S. lepidophylla is a desiccation tolerant plant used as a model to study hierarchical, water-responsive deformation. Previous studies at the organ and tissue levels suggest morphological and compositional properties leading to reversible stem curling10,11. Here, we examine cell wall morphology, mechanics and composition to inform the contribution of cortical SCWs to the overall curling of inner S. lepidophylla stems. Using AFM, we identified cortical cell wall stiffness gradients from stem tip to base, and also between adaxial and abaxial stem sides (Fig. 3, Table 1).

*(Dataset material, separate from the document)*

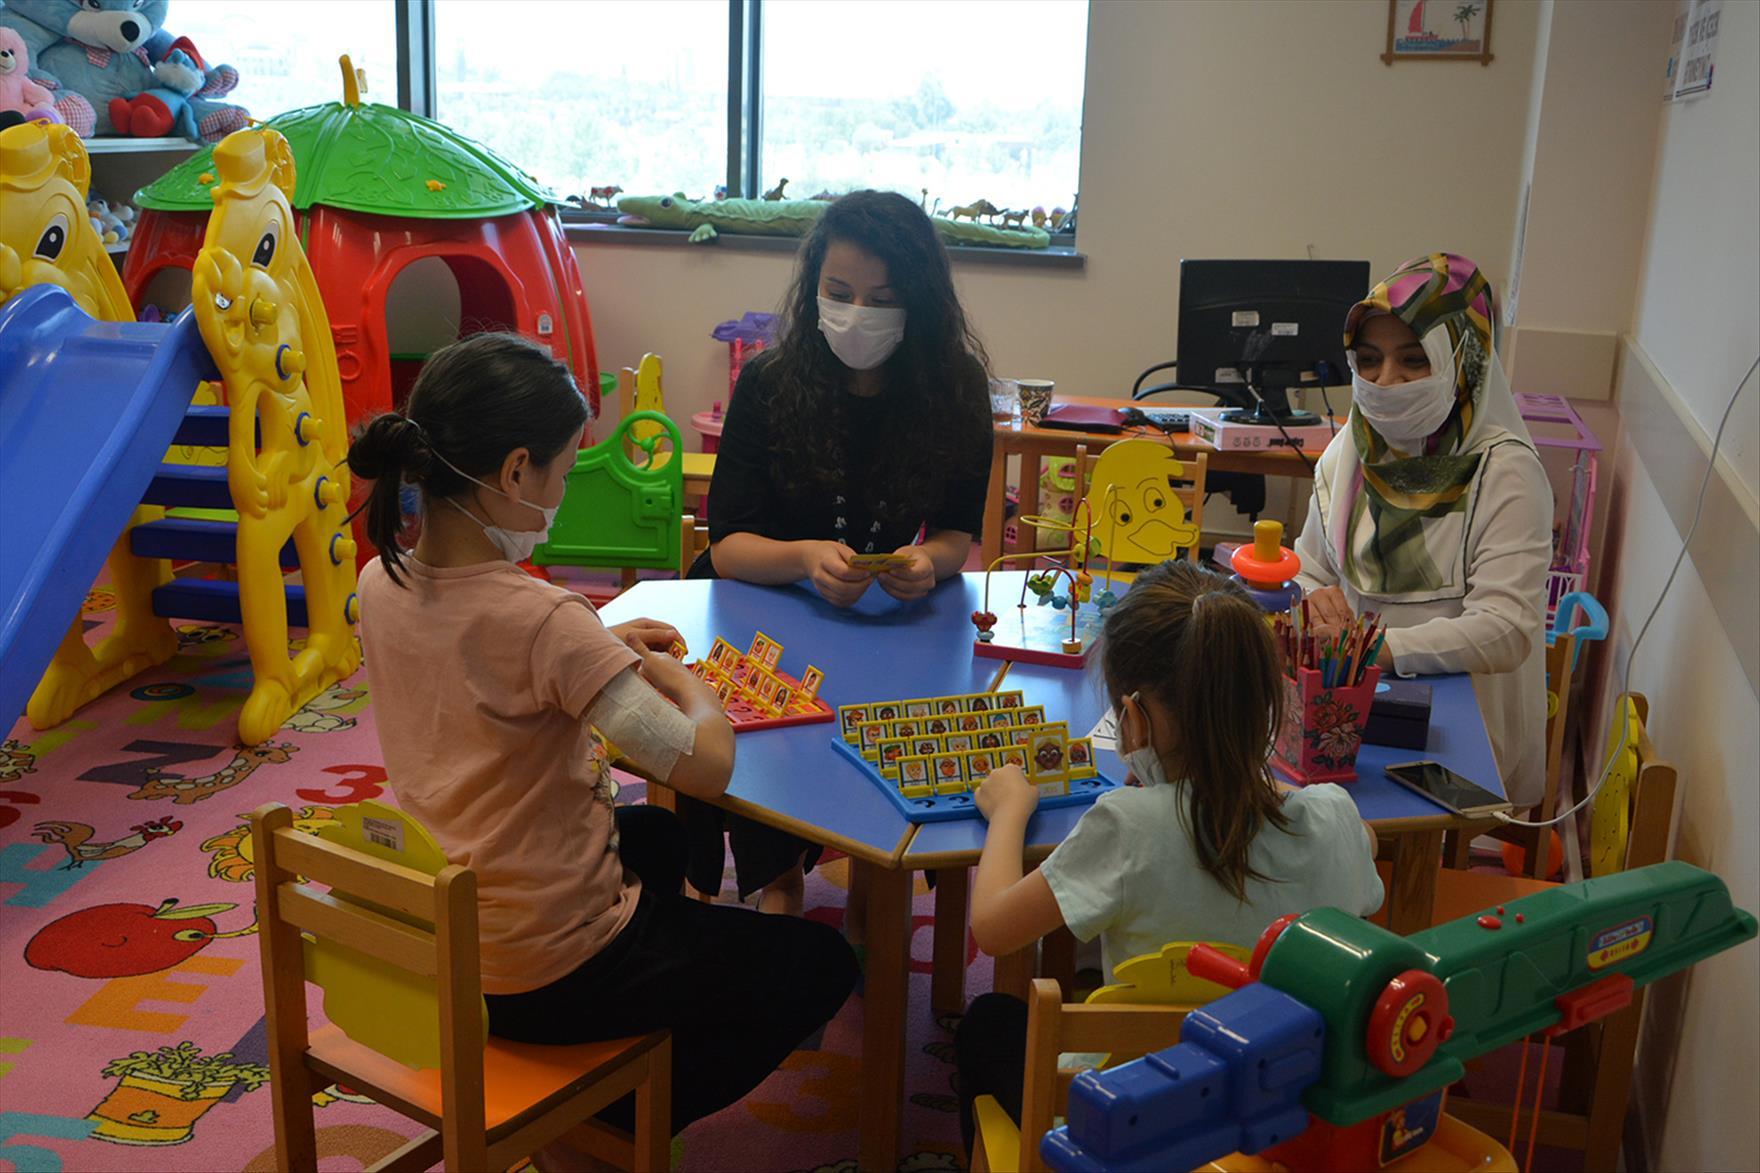 PAÜ Hastanesinde Çocuklar Eğitimden Geri Kalmadı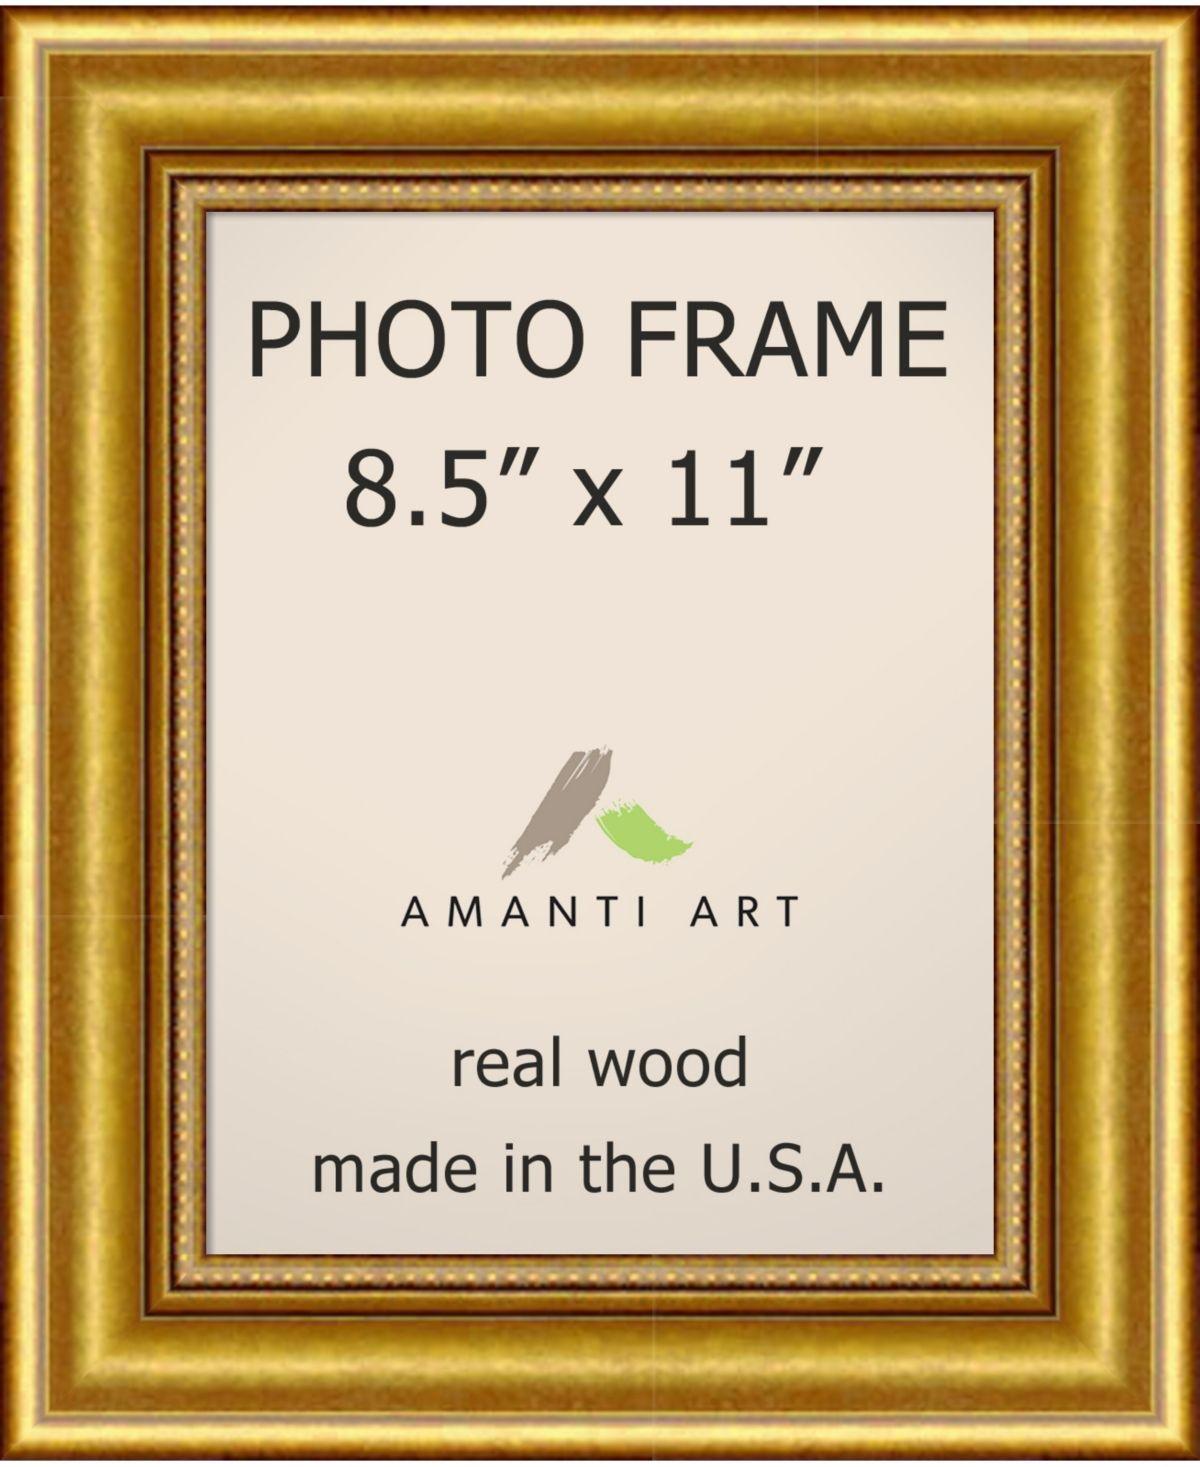 Amanti Art Townhouse Gold 8 5 X 11 Opening Wall Picture Photo Frame Amanti Art Online Photo Frames

Changes in SCW layer morphology (Fig. 2) and composition (Fig. 5) between adaxial and abaxial stem sides, as well as composition along the stem length, might contribute to the observed elasticity gradients. Further, G-fibre-like bilayer composition of cortical cell walls combined with the presence of perpendicular stiffness gradients could contribute to differential swelling between adaxial and abaxial stem sides and along the stem length, resulting not only in directional bending, but also linear stem curling. These perpendicular gradients likely result from established SCW developmental gradients (e.g., increasing stem tip to base lignification [Fig. 2] and cell wall thickness), and separate adaxial and abaxial differentiation programs37,38,41. S. lepidophylla has provided the opportunity to study three-dimensional gradients at small length scales that lead to macro-level actuation. The cell wall properties identified here could be explored further with computational models to extract features for the development of synthetic actuators with improved performance and structure at the micro-level2,3.